▸ **TRY IT**: Pictures aside, reproduce exactly each line from the one holding "现代录音技术(第7版) 140" through the last line of the material, both ends included.

(RECORDED DATA)

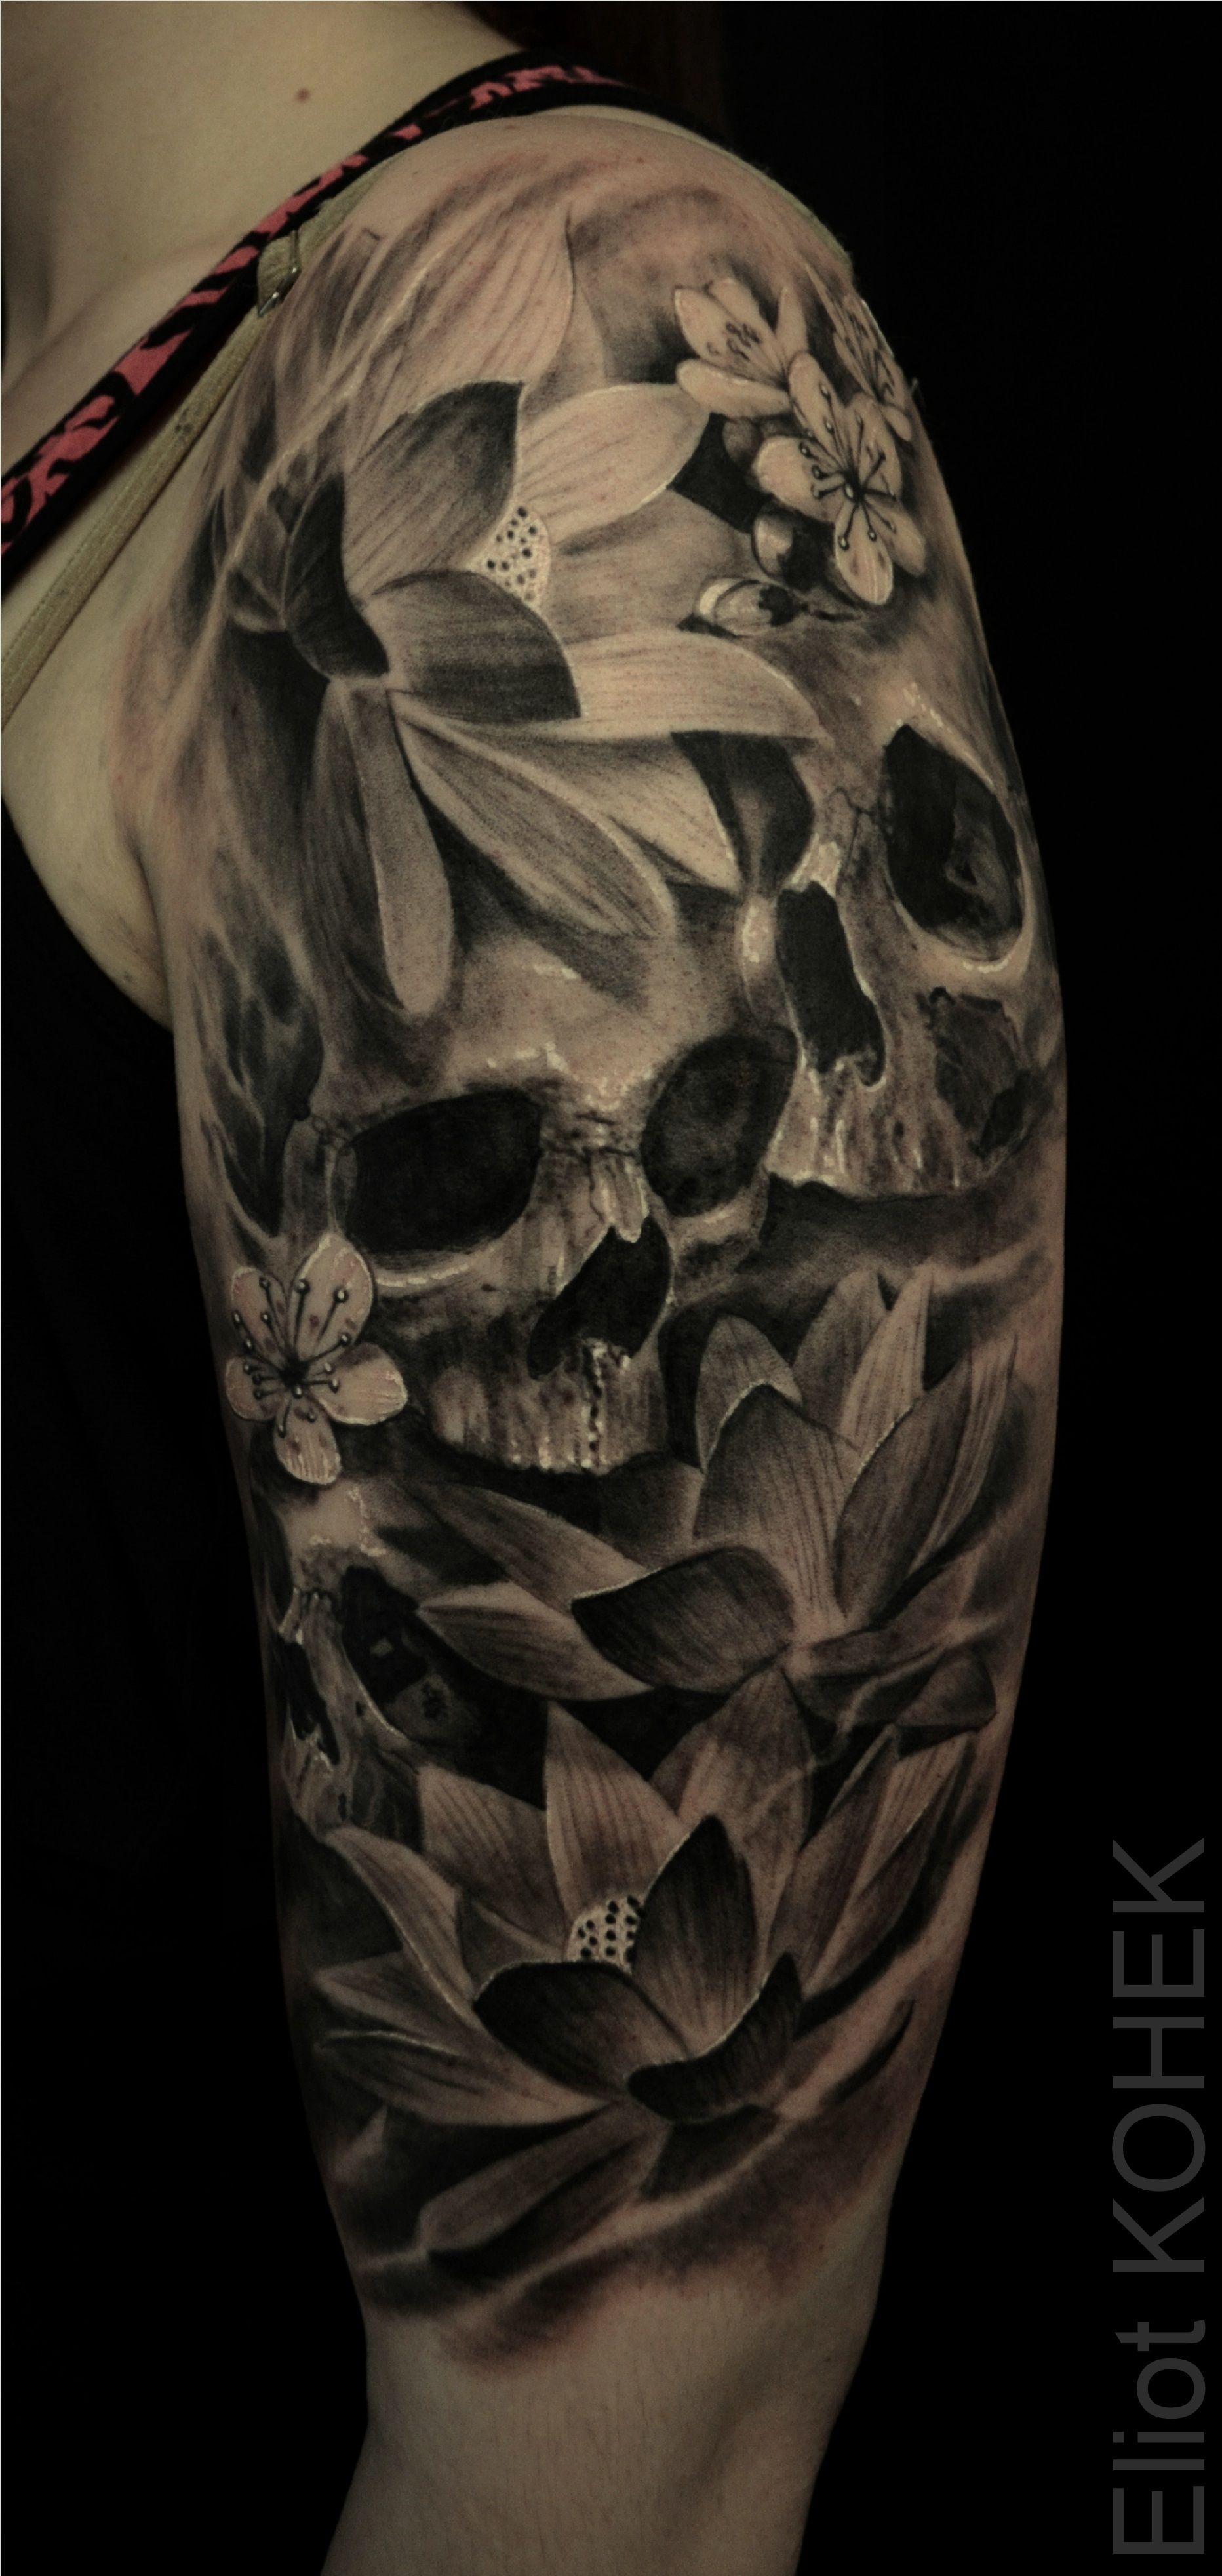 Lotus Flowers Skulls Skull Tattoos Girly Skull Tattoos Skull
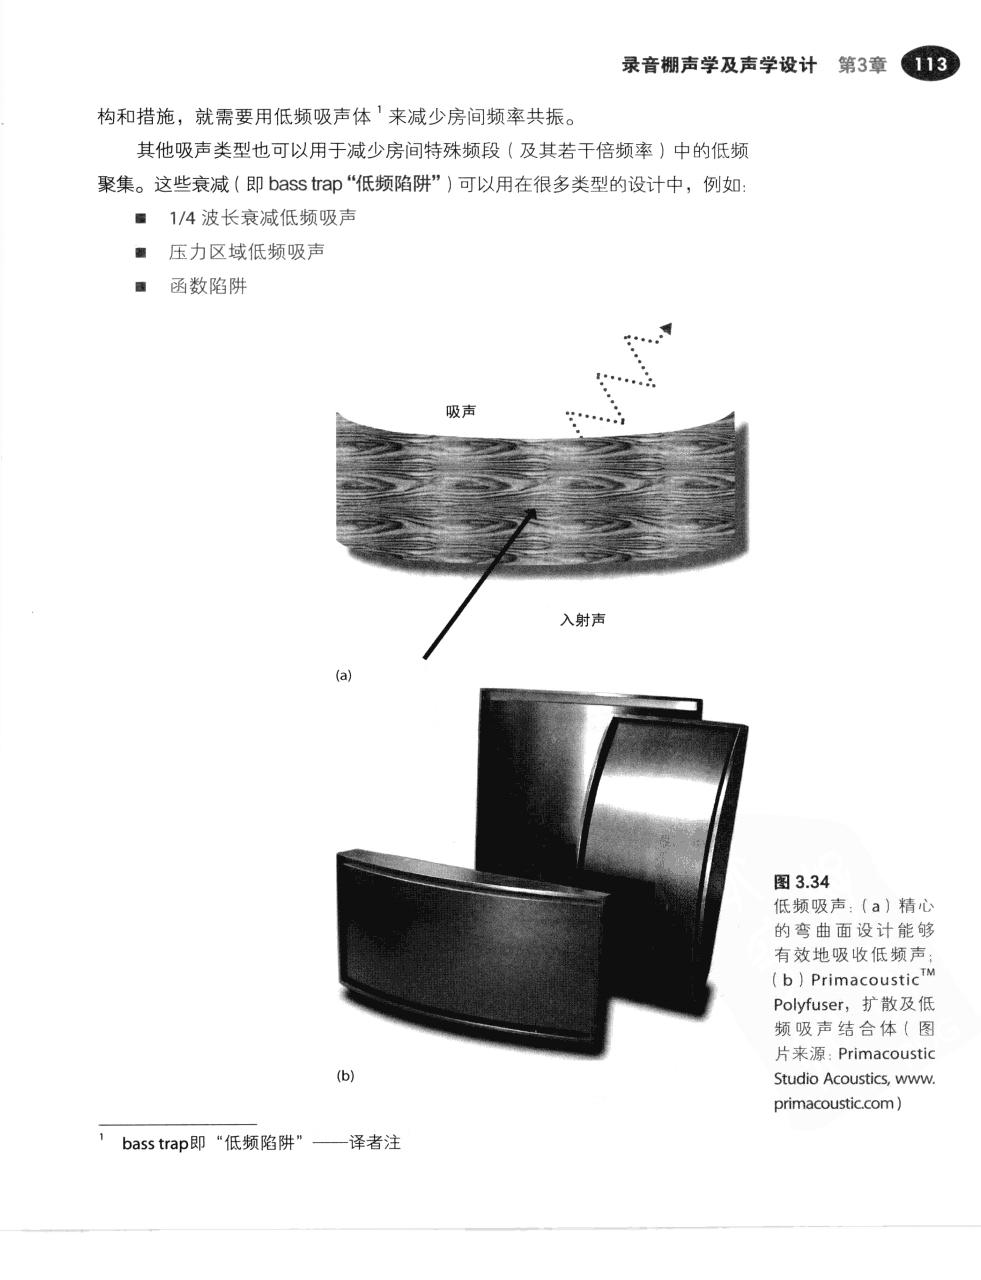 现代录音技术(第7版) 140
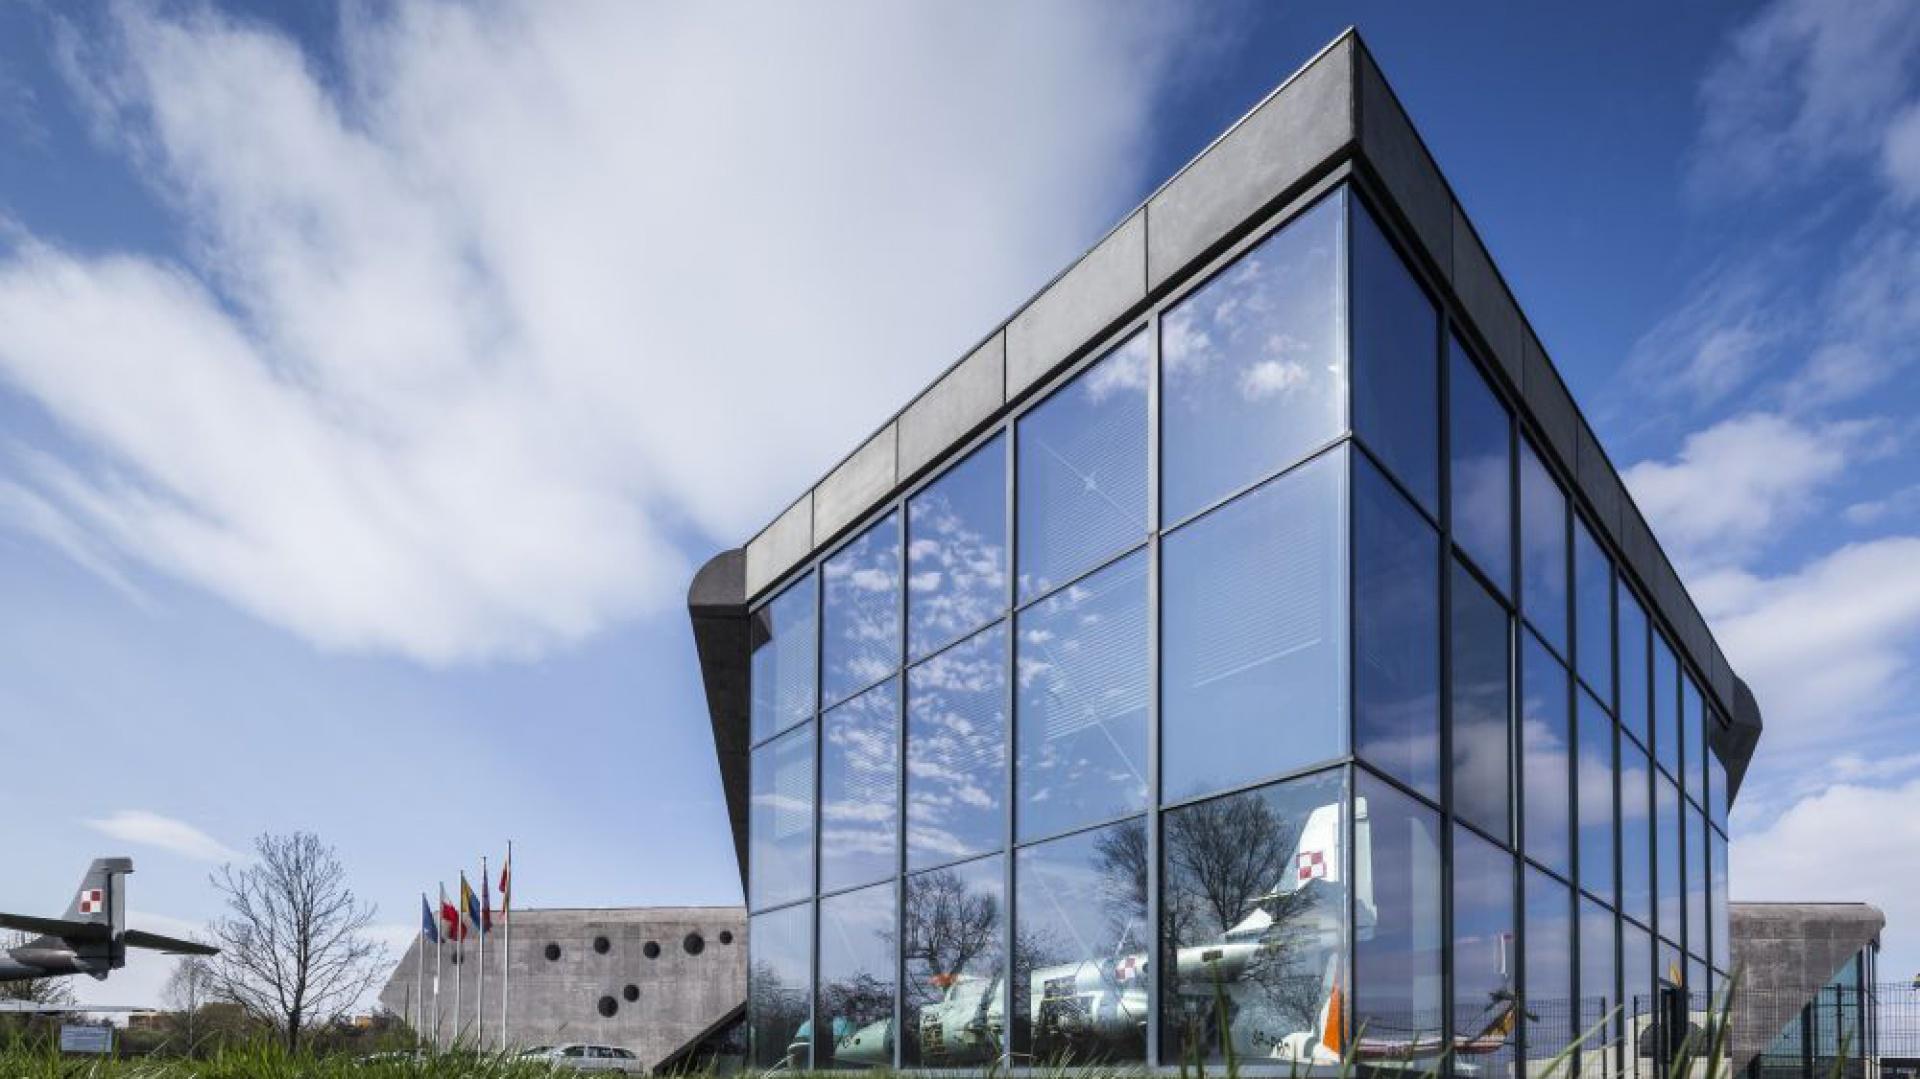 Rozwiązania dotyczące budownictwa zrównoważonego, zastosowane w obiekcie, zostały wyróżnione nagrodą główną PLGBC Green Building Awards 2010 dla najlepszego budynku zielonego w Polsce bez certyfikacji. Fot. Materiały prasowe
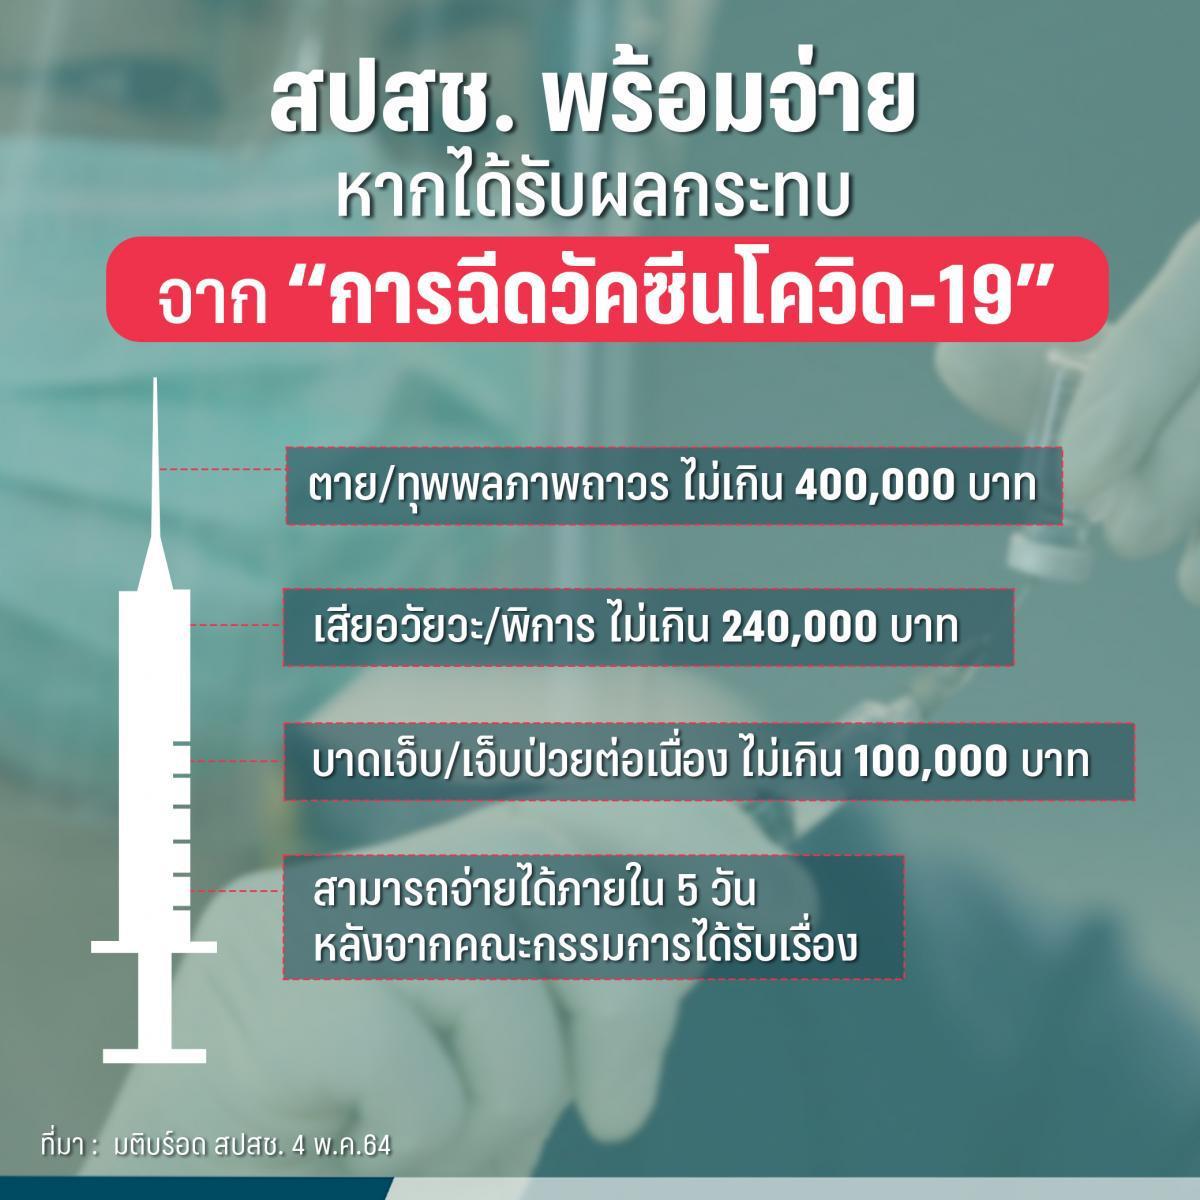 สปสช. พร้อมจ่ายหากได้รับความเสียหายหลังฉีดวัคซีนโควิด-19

(End RECORDED DATA)

▸ **REPLY TO THE EXERCISE**:
 现代录音技术(第7版) 140
 Rozwiązania dotyczące budownictwa zrównoważonego, zastosowane w obiekcie, zostały wyróżnione nagrodą główną PLGBC Green Building Awards 2010 dla najlepszego budynku zielonego w Polsce bez certyfikacji. Fot. Materiały prasowe
 สปสช. พร้อมจ่ายหากได้รับความเสียหายหลังฉีดวัคซีนโควิด-19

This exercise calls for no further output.